(Dataset entries)
Content starts
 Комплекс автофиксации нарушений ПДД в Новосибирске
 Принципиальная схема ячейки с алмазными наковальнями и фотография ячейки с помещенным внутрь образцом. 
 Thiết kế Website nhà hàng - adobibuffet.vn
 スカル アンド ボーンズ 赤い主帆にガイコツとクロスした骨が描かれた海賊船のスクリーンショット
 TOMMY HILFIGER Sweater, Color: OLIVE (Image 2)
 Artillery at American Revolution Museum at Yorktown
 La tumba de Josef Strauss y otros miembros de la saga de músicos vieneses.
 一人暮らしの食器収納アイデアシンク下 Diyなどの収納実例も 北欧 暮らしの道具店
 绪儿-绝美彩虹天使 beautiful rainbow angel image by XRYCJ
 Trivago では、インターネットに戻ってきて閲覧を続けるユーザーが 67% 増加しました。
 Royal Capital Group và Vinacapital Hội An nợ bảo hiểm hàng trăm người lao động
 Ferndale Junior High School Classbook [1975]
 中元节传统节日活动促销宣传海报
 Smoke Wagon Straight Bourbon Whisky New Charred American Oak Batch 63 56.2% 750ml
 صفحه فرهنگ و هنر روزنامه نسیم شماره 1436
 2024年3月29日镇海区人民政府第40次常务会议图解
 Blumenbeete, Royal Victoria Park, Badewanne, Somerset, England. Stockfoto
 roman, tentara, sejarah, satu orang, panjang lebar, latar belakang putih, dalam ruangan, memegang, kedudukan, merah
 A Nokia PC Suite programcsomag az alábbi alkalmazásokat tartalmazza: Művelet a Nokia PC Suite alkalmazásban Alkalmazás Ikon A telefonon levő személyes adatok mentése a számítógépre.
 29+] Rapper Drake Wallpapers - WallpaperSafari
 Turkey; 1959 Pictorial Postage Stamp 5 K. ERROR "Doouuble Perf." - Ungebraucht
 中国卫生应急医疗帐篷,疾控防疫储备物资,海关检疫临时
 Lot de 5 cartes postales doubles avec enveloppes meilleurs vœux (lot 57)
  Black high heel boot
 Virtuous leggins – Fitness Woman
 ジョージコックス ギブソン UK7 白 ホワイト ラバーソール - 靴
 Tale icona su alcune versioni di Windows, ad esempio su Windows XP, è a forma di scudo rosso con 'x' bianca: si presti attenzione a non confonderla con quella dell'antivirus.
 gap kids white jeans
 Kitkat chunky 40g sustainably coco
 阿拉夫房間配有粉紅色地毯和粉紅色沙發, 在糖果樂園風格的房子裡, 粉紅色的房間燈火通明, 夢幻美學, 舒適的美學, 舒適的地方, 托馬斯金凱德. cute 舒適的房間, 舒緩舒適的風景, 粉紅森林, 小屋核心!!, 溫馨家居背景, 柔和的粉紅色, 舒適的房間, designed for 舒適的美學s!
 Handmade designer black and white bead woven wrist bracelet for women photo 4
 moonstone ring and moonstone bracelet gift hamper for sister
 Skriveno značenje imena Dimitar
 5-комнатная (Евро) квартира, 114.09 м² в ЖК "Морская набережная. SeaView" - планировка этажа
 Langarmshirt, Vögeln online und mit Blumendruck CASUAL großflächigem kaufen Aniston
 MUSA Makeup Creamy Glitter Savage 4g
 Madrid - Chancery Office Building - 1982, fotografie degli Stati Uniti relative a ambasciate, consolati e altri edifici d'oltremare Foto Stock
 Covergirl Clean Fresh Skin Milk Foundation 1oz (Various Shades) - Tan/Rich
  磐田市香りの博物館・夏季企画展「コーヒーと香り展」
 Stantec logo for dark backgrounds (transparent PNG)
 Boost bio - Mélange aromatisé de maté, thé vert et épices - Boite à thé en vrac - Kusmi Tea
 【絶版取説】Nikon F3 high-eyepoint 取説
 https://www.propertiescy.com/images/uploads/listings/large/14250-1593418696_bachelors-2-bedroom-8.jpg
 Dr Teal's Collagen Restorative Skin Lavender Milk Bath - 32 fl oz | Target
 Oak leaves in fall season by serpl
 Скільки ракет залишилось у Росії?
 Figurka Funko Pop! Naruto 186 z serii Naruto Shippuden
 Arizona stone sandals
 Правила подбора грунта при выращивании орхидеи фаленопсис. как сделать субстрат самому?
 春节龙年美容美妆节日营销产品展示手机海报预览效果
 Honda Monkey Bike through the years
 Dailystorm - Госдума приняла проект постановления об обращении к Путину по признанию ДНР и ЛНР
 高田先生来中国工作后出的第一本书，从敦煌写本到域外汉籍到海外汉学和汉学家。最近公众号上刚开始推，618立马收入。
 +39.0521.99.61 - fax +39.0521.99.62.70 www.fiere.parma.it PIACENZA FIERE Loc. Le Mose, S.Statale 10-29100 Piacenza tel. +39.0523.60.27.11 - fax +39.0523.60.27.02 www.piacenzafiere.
Content ends
WHAT THE EXERCISE ASKS = Among the lines above, repeat exactly those from the line with "中元节传统节日活动促销宣传海报" to the line with "Covergirl Clean Fresh", counting both ends.

EXERCISE SOLUTION =
 中元节传统节日活动促销宣传海报
 Smoke Wagon Straight Bourbon Whisky New Charred American Oak Batch 63 56.2% 750ml
 صفحه فرهنگ و هنر روزنامه نسیم شماره 1436
 2024年3月29日镇海区人民政府第40次常务会议图解
 Blumenbeete, Royal Victoria Park, Badewanne, Somerset, England. Stockfoto
 roman, tentara, sejarah, satu orang, panjang lebar, latar belakang putih, dalam ruangan, memegang, kedudukan, merah
 A Nokia PC Suite programcsomag az alábbi alkalmazásokat tartalmazza: Művelet a Nokia PC Suite alkalmazásban Alkalmazás Ikon A telefonon levő személyes adatok mentése a számítógépre.
 29+] Rapper Drake Wallpapers - WallpaperSafari
 Turkey; 1959 Pictorial Postage Stamp 5 K. ERROR "Doouuble Perf." - Ungebraucht
 中国卫生应急医疗帐篷,疾控防疫储备物资,海关检疫临时
 Lot de 5 cartes postales doubles avec enveloppes meilleurs vœux (lot 57)
  Black high heel boot
 Virtuous leggins – Fitness Woman
 ジョージコックス ギブソン UK7 白 ホワイト ラバーソール - 靴
 Tale icona su alcune versioni di Windows, ad esempio su Windows XP, è a forma di scudo rosso con 'x' bianca: si presti attenzione a non confonderla con quella dell'antivirus.
 gap kids white jeans
 Kitkat chunky 40g sustainably coco
 阿拉夫房間配有粉紅色地毯和粉紅色沙發, 在糖果樂園風格的房子裡, 粉紅色的房間燈火通明, 夢幻美學, 舒適的美學, 舒適的地方, 托馬斯金凱德. cute 舒適的房間, 舒緩舒適的風景, 粉紅森林, 小屋核心!!, 溫馨家居背景, 柔和的粉紅色, 舒適的房間, designed for 舒適的美學s!
 Handmade designer black and white bead woven wrist bracelet for women photo 4
 moonstone ring and moonstone bracelet gift hamper for sister
 Skriveno značenje imena Dimitar
 5-комнатная (Евро) квартира, 114.09 м² в ЖК "Морская набережная. SeaView" - планировка этажа
 Langarmshirt, Vögeln online und mit Blumendruck CASUAL großflächigem kaufen Aniston
 MUSA Makeup Creamy Glitter Savage 4g
 Madrid - Chancery Office Building - 1982, fotografie degli Stati Uniti relative a ambasciate, consolati e altri edifici d'oltremare Foto Stock
 Covergirl Clean Fresh Skin Milk Foundation 1oz (Various Shades) - Tan/Rich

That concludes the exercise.